Para imaginar los finales posibles, el fotógrafo cierra los ojos, distanciándose de la realidad, con el fin de poner «en
orden la escena» (302), tal como un escritor, ordena sus apuntes y, basándose en los fragmentos de la realidad y
en sus ideas, crea la primera versión de la historia de la pareja: «todo acabaría como siempre» (302), dice
aludiendo a la seducción del muchacho, que es una iniciación para el joven, interpretándolo con cierta solemnidad.
Pero con la palabra «quizás» abre paso a otros finales posibles e, incluso, a otras interpretaciones. En la segunda
versión, imagina un juego cruel en el que la mujer se excita por algún otro, y aquí entra en juego la tercera
persona, todavía vaga, desconocida.

Nuevo cambio de enfoque brusco que corta la serie de desenlaces posibles y llama la atención sobre el hecho de
que lo que hace el fotógrafo es pura literatura —aunque nadie diga que es buena literatura—. Michel busca
excepciones e inventa monstruos al ficcionalizar la realidad. Es su forma de buscar la verdad, una verdad más allá
de la realidad. Y en este punto del cuento, ocho páginas después del inicio, el fotógrafo toma la foto, causando un
incidente con la pareja, que se ha dado cuenta de que su imagen ha sido robada. El narrador hace otra vez
consideraciones metaliterarias sobre el modo de narrar el incidente, y opta por un breve resumen, sin diálogos, en
estilo indirecto, quitando importancia a los acontecimientos. Las divagaciones, intercalaciones y anticipaciones
abruman la narración propiamente dicha. La mujer se irrita, el fotógrafo le lleva la contraria por diversión y,
mientras los adultos se pelean, el muchacho huye corriendo, pasando al lado del auto —pequeñez que ganará
importancia más tarde, en la reinterpretación de la escena—. El chico se pierde «como un hilo de la Virgen» (303),
así se pierde la realidad entre las variaciones y la obra entre las interpretaciones. Los hilos de la Virgen o las babas
del diablo son dos nombres alegóricos y antagónicos de la misma cosa. Del contraste entre lo bueno y lo malo, en
el título aparece el segundo, lo diabólico, que en el texto está relacionado irónicamente con la ira de la mujer, e
introduce la figura diabólica del hombre en el auto, primero gris, común, estricto y vagamente negativo, después
negro, elegante, viejo (en contraste con la juventud del muchacho), monstruoso y espantoso, como la muerte o el
diablo personificados. De testigo se convierte en personaje activo, parte de la comedia, como dice el texto, pero
esta comedia se vuelve cada vez más sombría por su participación. El fotógrafo le teme, al tiempo que le disgusta
su presencia, y decide no entregarles la foto, porque adivina miedo y cobardía en su exigencia, y justamente por
estas sospechas busca siempre nuevas explicaciones al incidente. Se repite la huida, pero ahora es el fotógrafo
quien huye como un mozo, cobarde, mientras los adultos (el hombre y la mujer) discuten. El incidente de la foto
termina con otro acecho oculto, de un lugar lejano y seguro: el hombre deja caer el diario que le ha servido como
disfraz, los dos están derrotados, pero el fotógrafo interpreta la conducta de la mujer como la de una persona
acosada que busca la salida, como si el hombre la castigara.

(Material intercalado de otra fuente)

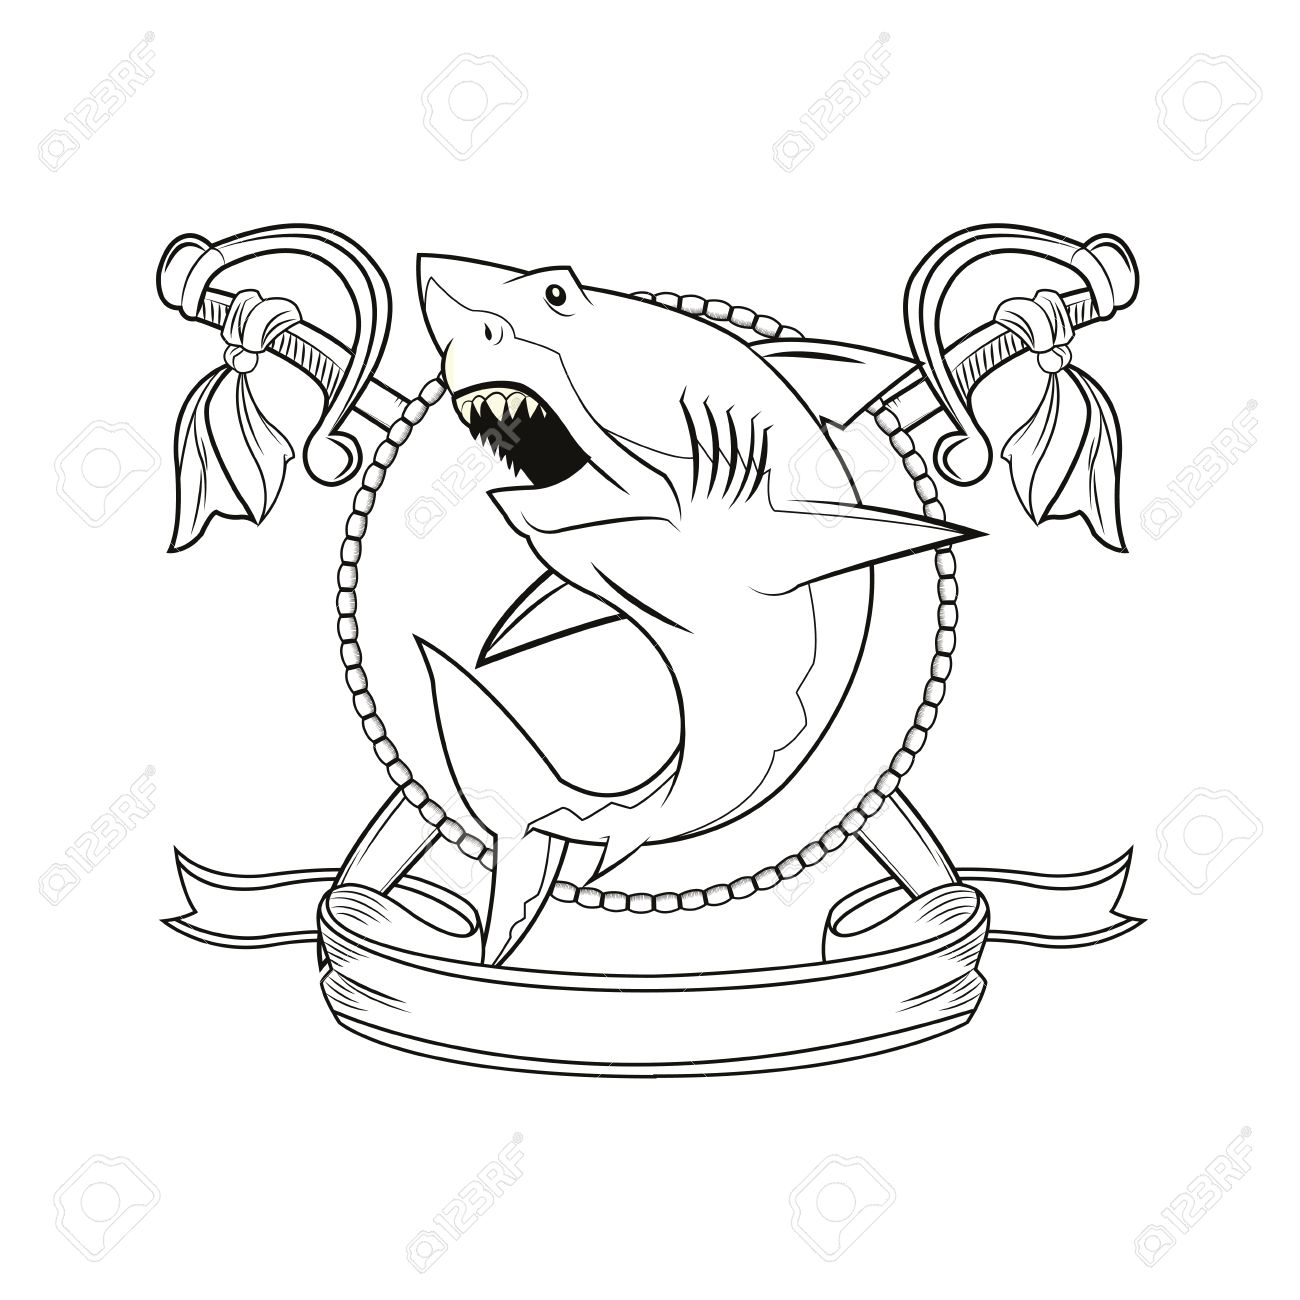 Espada Tiburón De La Historieta De La Cinta Pirata Tatuaje Marina ...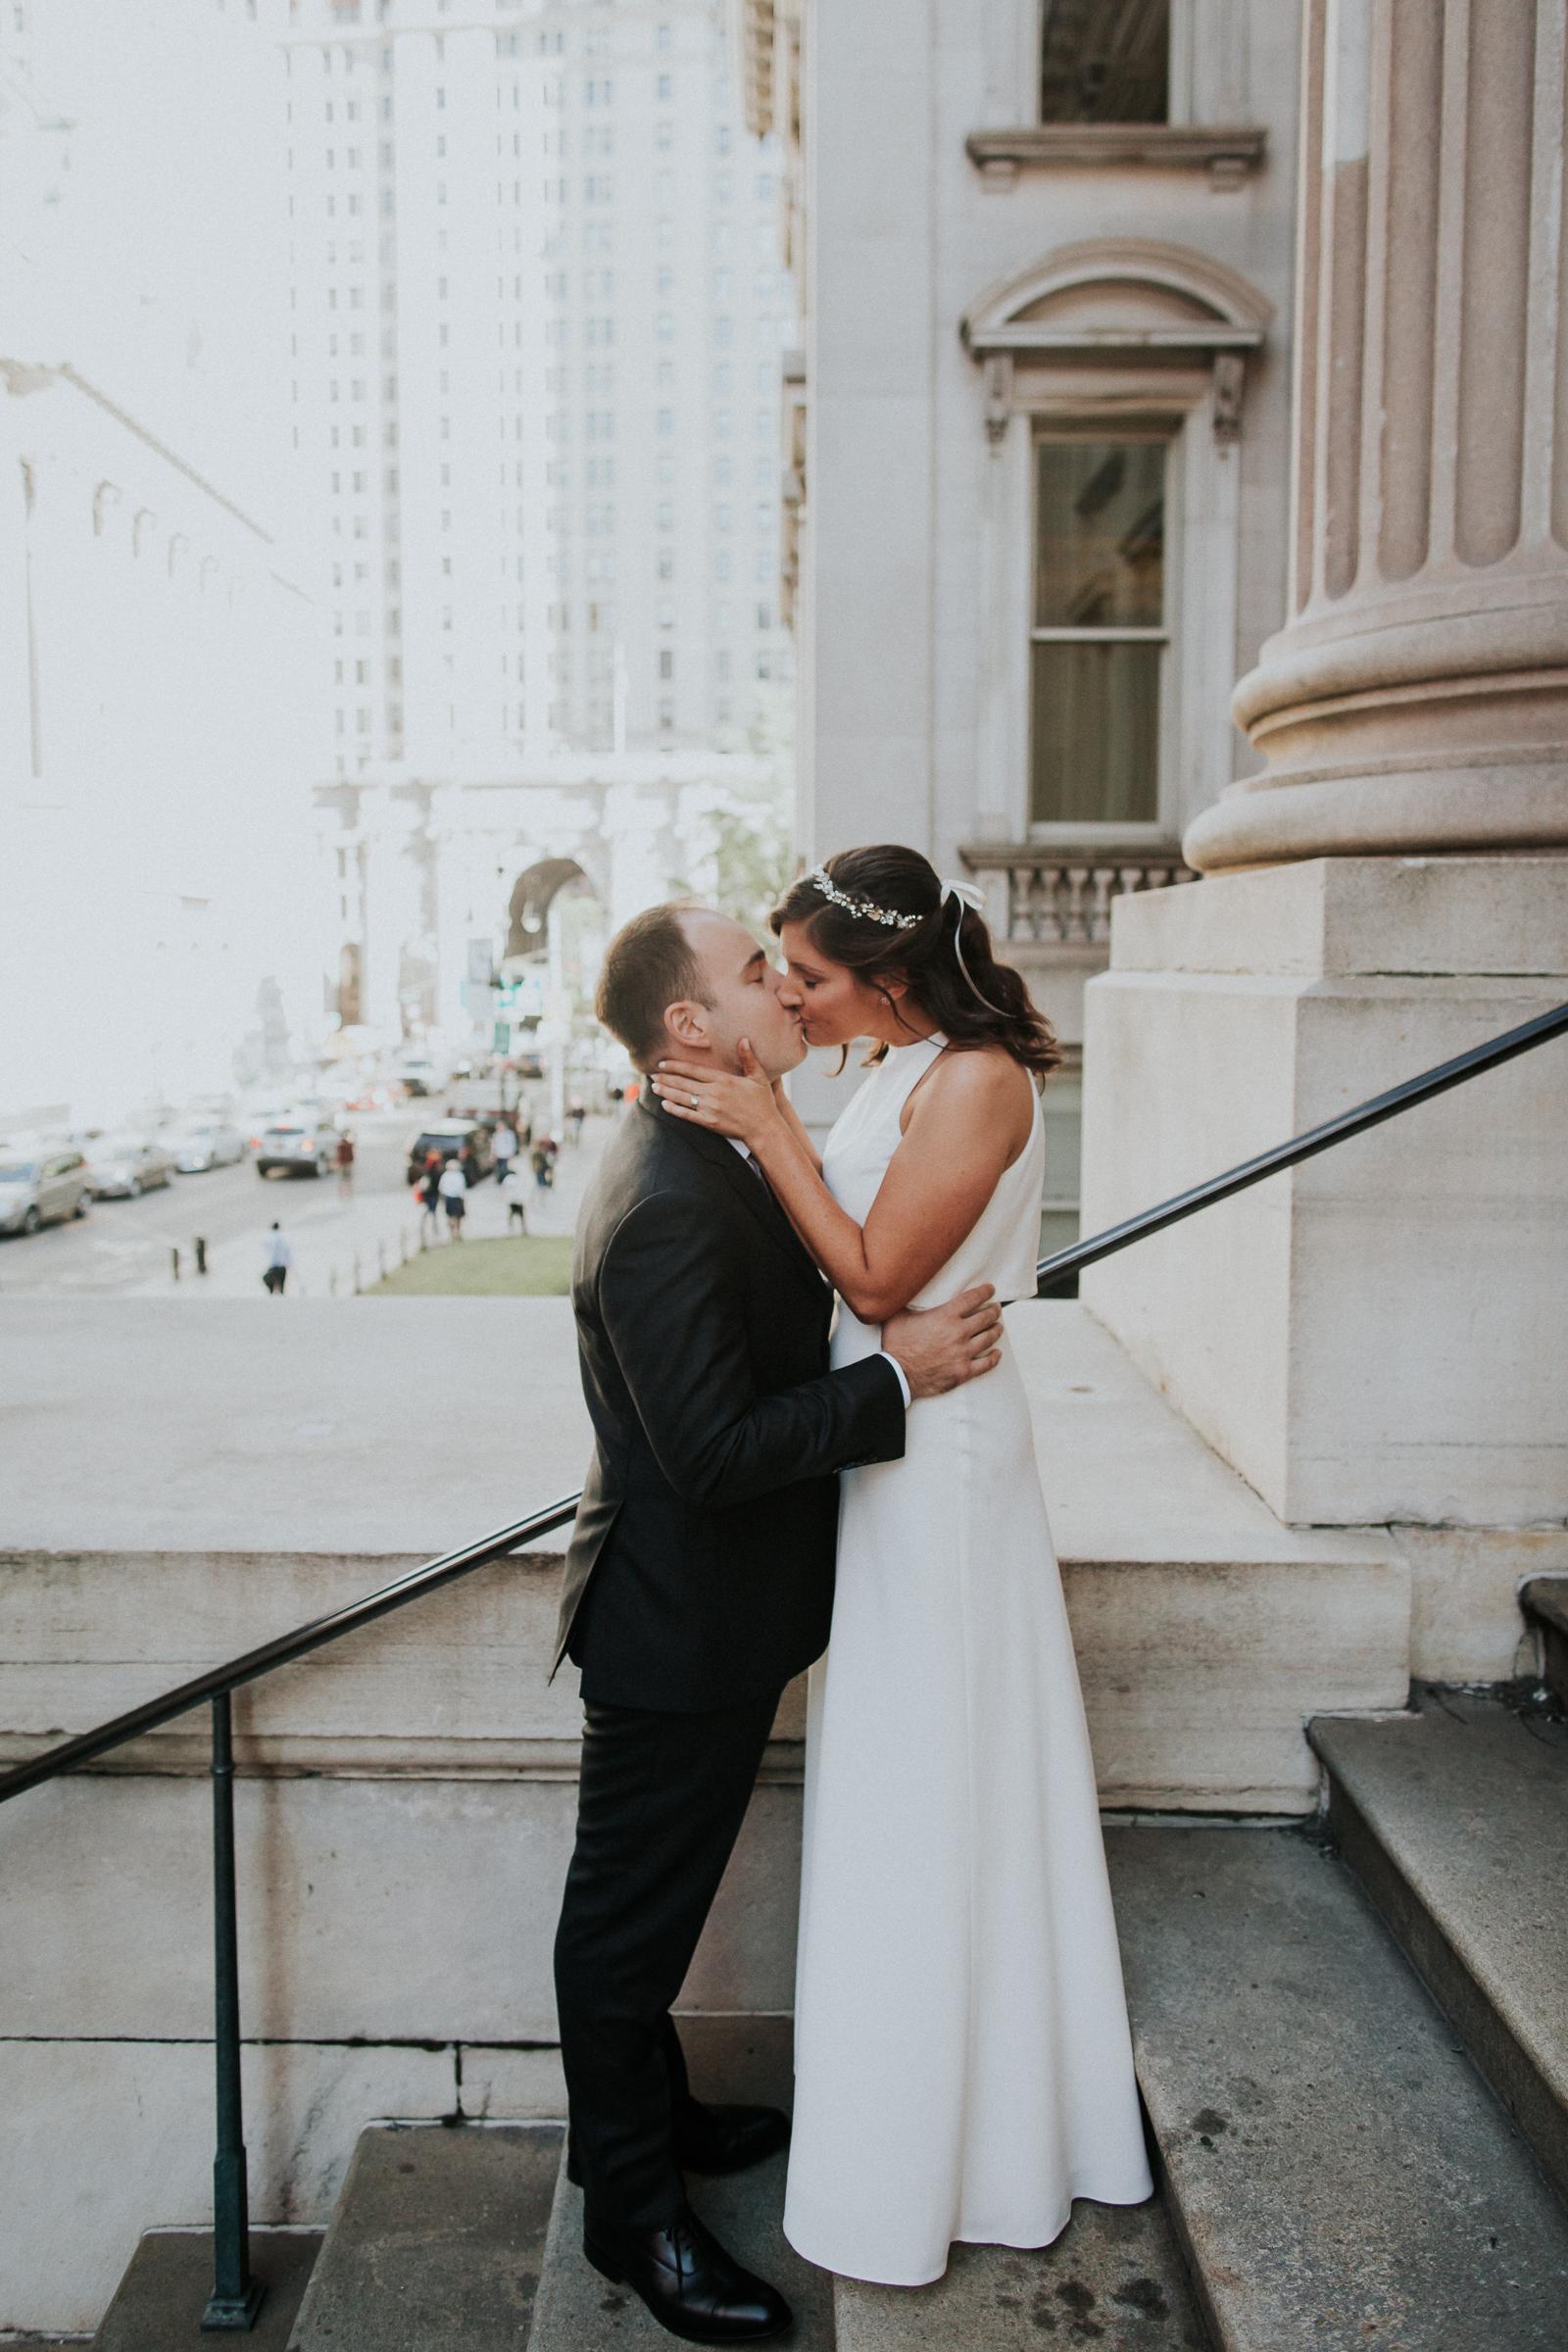 Casa-Apicii-Intimate-Wedding-City-Hall-Elopement-New-York-Documentary-Wedding-Photographer-21.jpg

En este punto del relato hay un corte bien visible, un espacio en blanco, al cual le sigue un cambio de lugar y de
plano temporal en un aquí y (casi) ahora. El narrador está en su casa hablando de su pasado inmediato, por lo que
usa el indefinido, pero no menciona detalles, habla generalizando: «en una habitación de un quinto piso» (304).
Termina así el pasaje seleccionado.